The Winnipeg Jets have a history like no other. They were dominant in the WHA, struggled to make the jump to the NHL and as soon as they began to pick up steam – POOF! they were gone. As fans, we are only privy to certain aspects of team chemistry. We may occasionally hear rumours about players’ behaviours in locker rooms, hotels, team busses and on the bench, but, for the most part, fans are silent observers. 2020 has forced us all into a state of reflection, remembering how things were and how they got to where they are now. That’s why it felt important to look at which players impacted the Jets franchise, for the good, the bad and the ugly.
The Good – Teemu Selanne – “The Finnish Flash”
“You keep shooting, you hope it goes in, and you smile” – Teemu Selänne
You would be hard pressed to find a single person in Winnipeg that would tell ‘The Finnish Flash’ to stop shooting because, to many Jets fans, he’s the best they’ve ever seen. Teemu Selänne’s impact in Winnipeg was more than good – it was historic. The young Finn garnered Gretzky comparisons after his record-setting 76 goals and 56 assists in his rookie season. This 1992-93 season was particularly significant because of what happened in 1996: the Jets were moved to Phoenix and, at the time, Winnipeg had no idea if or when they would get their team back. Selänne’s unbelievable rookie campaign not only impacted the Jets’ organization forever, but also the NHL’s record books. This meant that if Winnipeg didn’t ever their Jets back, they could have lived on in infamy through Selänne’s record. Although the Jets never won the Stanley cup or even the Conference Finals – which meant they were at risk of being forgotten – Selänne ensured this wouldn’t be the case and that Winnipeg would never be overlooked.

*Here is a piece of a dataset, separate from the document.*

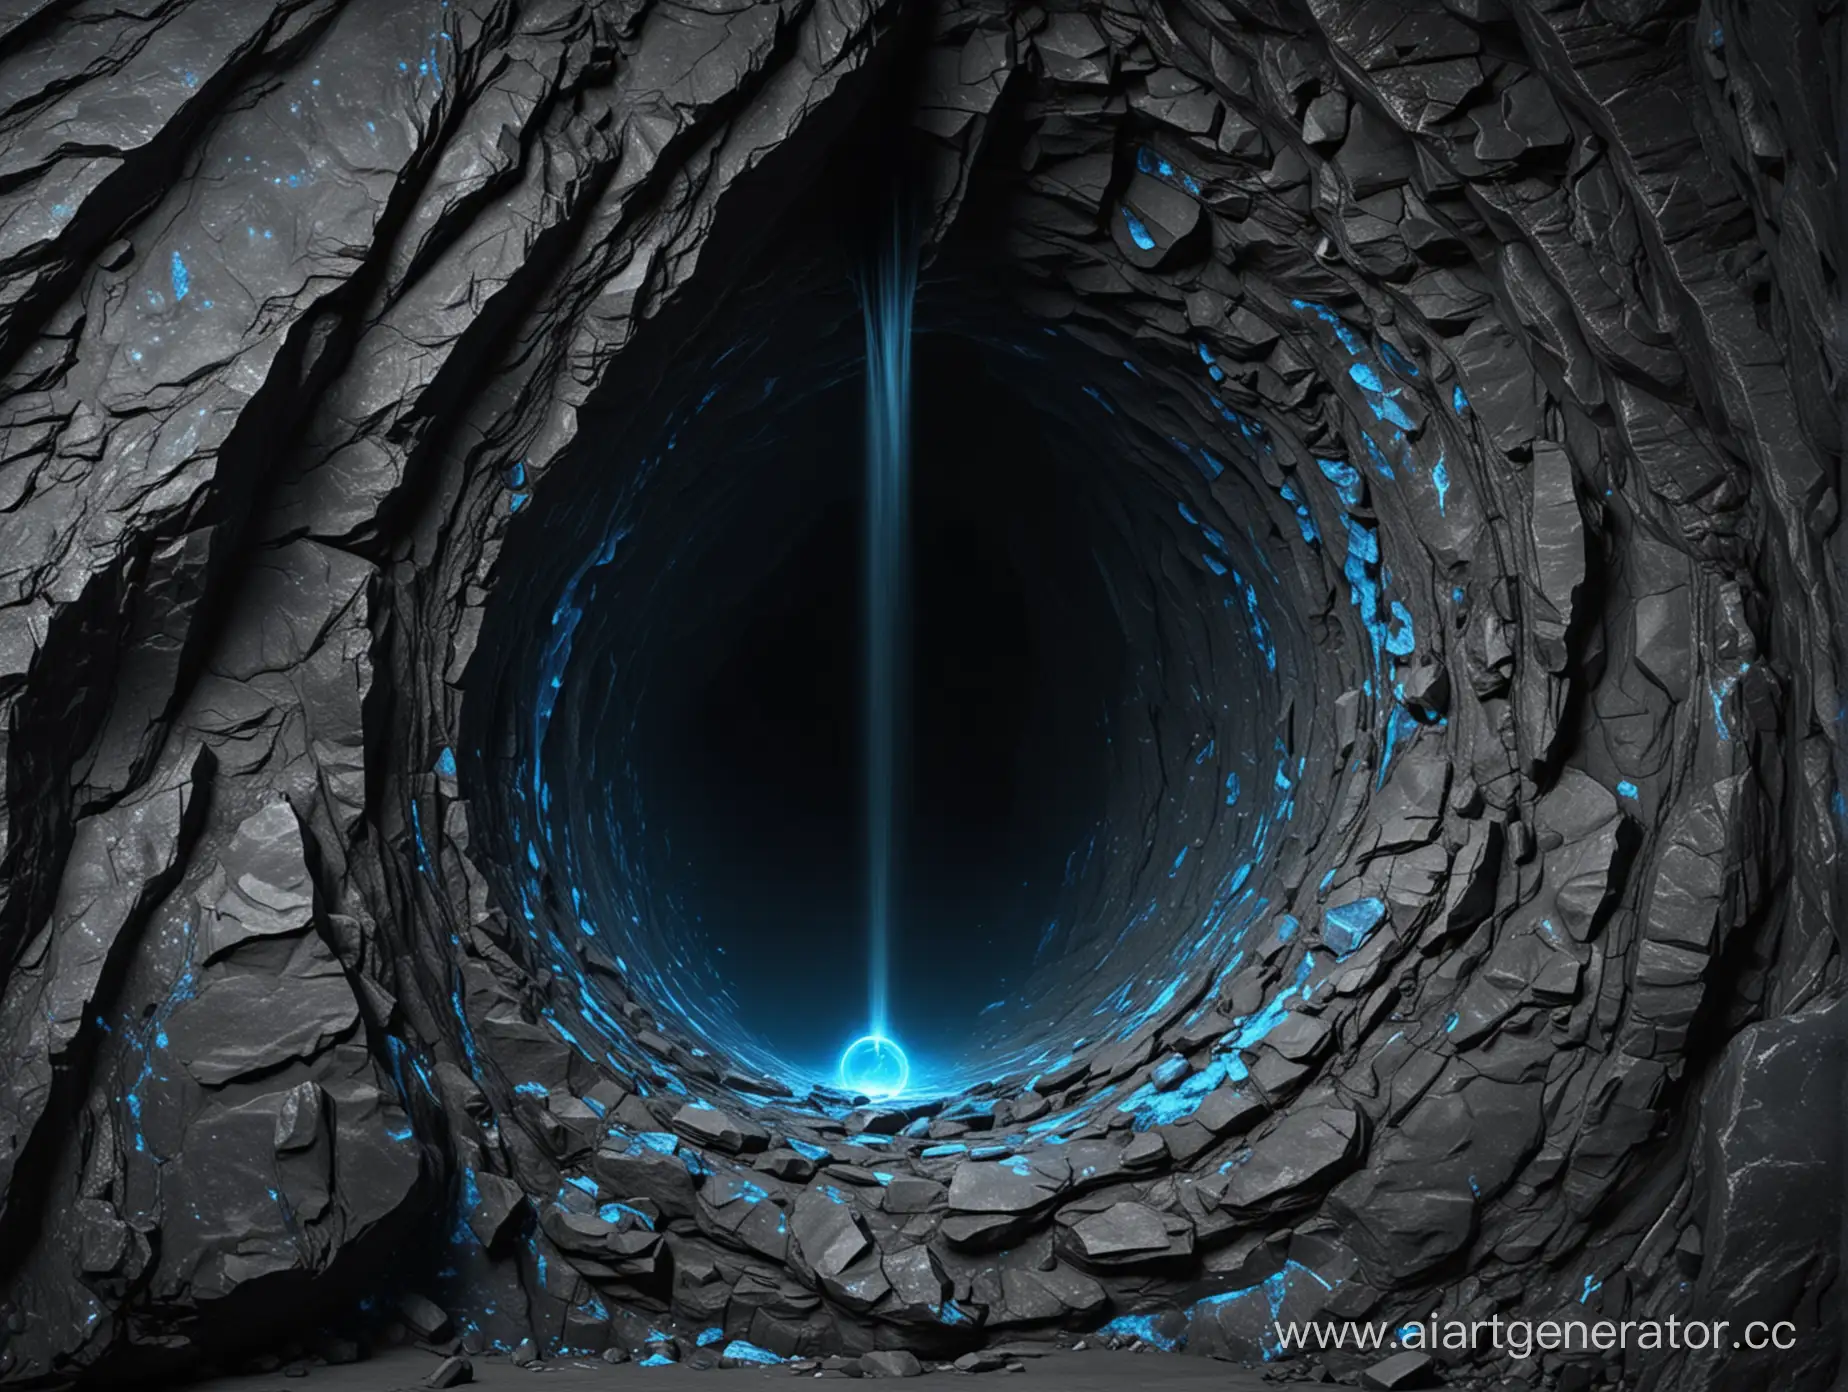 Mystical-Blue-Portal-in-Dark-Rock-Landscape-HighQuality-Realistic-Photo-4K

Teemu loved Winnipeg and they loved him back. So, just like Selänne made sure Winnipeg was never forgotten, Winnipeg continues to make sure Selänne won’t be either. Theirs was a special kind of relationship that has not been replicated since. The young Finn expected to play his whole career in Winnipeg and, even with rumours that the team would be moved to Phoenix in the 1995-96 season, Selänne didn’t want to be traded – he wanted to play the last game in the Winnipeg Arena as a Jet. Unfortunately, the fairytale story of a young Finnish kid coming to the prairies, setting records, tallying 3-6 points in four seasons came to a tragic end when Selänne got the call he was being traded to Anaheim. Teemu was blindsided. He was forced to leave his friends and teammates without saying good-bye and ask his nine-month pregnant wife to travel with him down south. The impact of Selänne was nothing but amazing and the impact of the Jets’ front office choices were devastating to both Selänne and the loyal Jets nation.
Even though the writing was on the wall – the Jets were leaving Winnipeg in 1996 – it’s difficult not to wonder what impact Selänne could have had in that final playoff run for the Jets. The numbers suggest that if Selänne had been available to play against the Red Wings, the final game may not have been played on April 28, 1996 and, with a little luck, it could have been played in June during the Stanley Cup finals. Regardless, Selänne didn’t get that chance and neither did the Jets fans, who watched their team do the final skate in Winnipeg Arena without their prodigal son. Selänne wanted to hoist up a Stanley Cup in Winnipeg but Jets fans were still happy when they saw him raise the trophy for Anaheim in 2007. That’s the impact Selänne had on Winnipeg – it didn’t matter what jersey he was in, fans just wanted to see that Finnish smile.